What I Dream

I wish I knew how to break free of the shyness that always seems to hold me back. What dreams I have, I dream of pouring myself out, you could almost say, giving myself over to, the arts, of becoming someone who transforms the world around me. It is not enough for me to be simply an author, no, I must be a transformer, one whose words hold power, and truth. I cannot be content with self-expression as the purpose of my art, or with art as a means of gaining wealth, I seek for something else, something more. I can only describe it as the desire to create things that move those who see them, transformation of myself and the beholder of the works of my hands. I desire to create, but it is not enough for me to create, not even for the sake of creativity. To lose myself in my work, you could almost say, to pour my very soul into it, so that the works of my hands and the thoughts of my heart are so intertwined that it becomes difficult to tell where one begins and one ends. That is as best as I can describe it. Another way to think of it, is to become a vessel of blessing to those around me.
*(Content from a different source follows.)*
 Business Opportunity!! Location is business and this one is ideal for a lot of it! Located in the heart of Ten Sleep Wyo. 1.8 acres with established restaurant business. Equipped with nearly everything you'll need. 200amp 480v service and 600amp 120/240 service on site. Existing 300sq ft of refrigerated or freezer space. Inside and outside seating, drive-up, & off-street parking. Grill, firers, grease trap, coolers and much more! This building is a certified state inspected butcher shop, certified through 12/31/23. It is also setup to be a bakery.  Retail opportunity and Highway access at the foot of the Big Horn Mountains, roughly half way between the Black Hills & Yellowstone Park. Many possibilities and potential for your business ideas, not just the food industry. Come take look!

But, I hold back. I call it shyness. I say I’m not ready, however, it isn’t so much shyness as it is fear, I think. And the fear is what needs to be dealt with, it is an evil that destroys, a dark-fire that consumes. It holds me back from being what it is that I am supposed to be. Fear, it is the great enemy of greatness, and the father of many, if not all vices. Fear, it destroys, it ruins, it kills.
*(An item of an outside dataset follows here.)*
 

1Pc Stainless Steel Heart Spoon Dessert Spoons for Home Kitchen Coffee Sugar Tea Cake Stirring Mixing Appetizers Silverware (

I do not think it is the sort of thing I can wholly banish on my own, but what can change me from a man of fear, to a man who is not afraid? It is said that perfect love cast out fear. For which I ask, what does that mean? Perfect love. Love that is perfect. How can this be? How can love be perfect? For my part, it is my belief that only one who is love, can hold perfect love. Anything else can only reflect the nature of that which is. Love, it is more then just a word, a concept, what if it was to be something, a reality that we see the shadows of, but the shadow and the thing itself cannot be confused as being one and the same, an object cannot love, so thus it would be someone that is the greater reality of love. Perfect love, love. Love is the opposite of fear, and from love comes courage, and from courage all other virtues are sprung. Fear destroys, but love builds. For my part, I must therefore rely not on shadows, but upon the reality of love, and by becoming a reflection of the greater reality, I not only dispel fear in myself, but give strength to those around me who see in me, a mirror. It is not for me to be the source of love, but the vessel, and from the vessel, I pour out love, but it is love that comes from the source, not from the vessel that holds it. Thus, it is by receiving the love of perfect love, that I can love with a perfect love.

And fear flees, and I see my desire to be a vessel of blessing to those around me.

That is my dream, to be a mirror and a vessel, no more, no less. To be invisible, yet a beacon of hope. To become unseen, but therefore, more visible, like a light shining from within a clear jewel. I wish neither to be a god, or a devil, but a human as a human is meant to be. A living symbol of something greater.

That is my dream, to be human as a human is meant to be, but fear holds me back, it quenches, it darkens, it destroys. That is what fear does to dreams, and to my dream.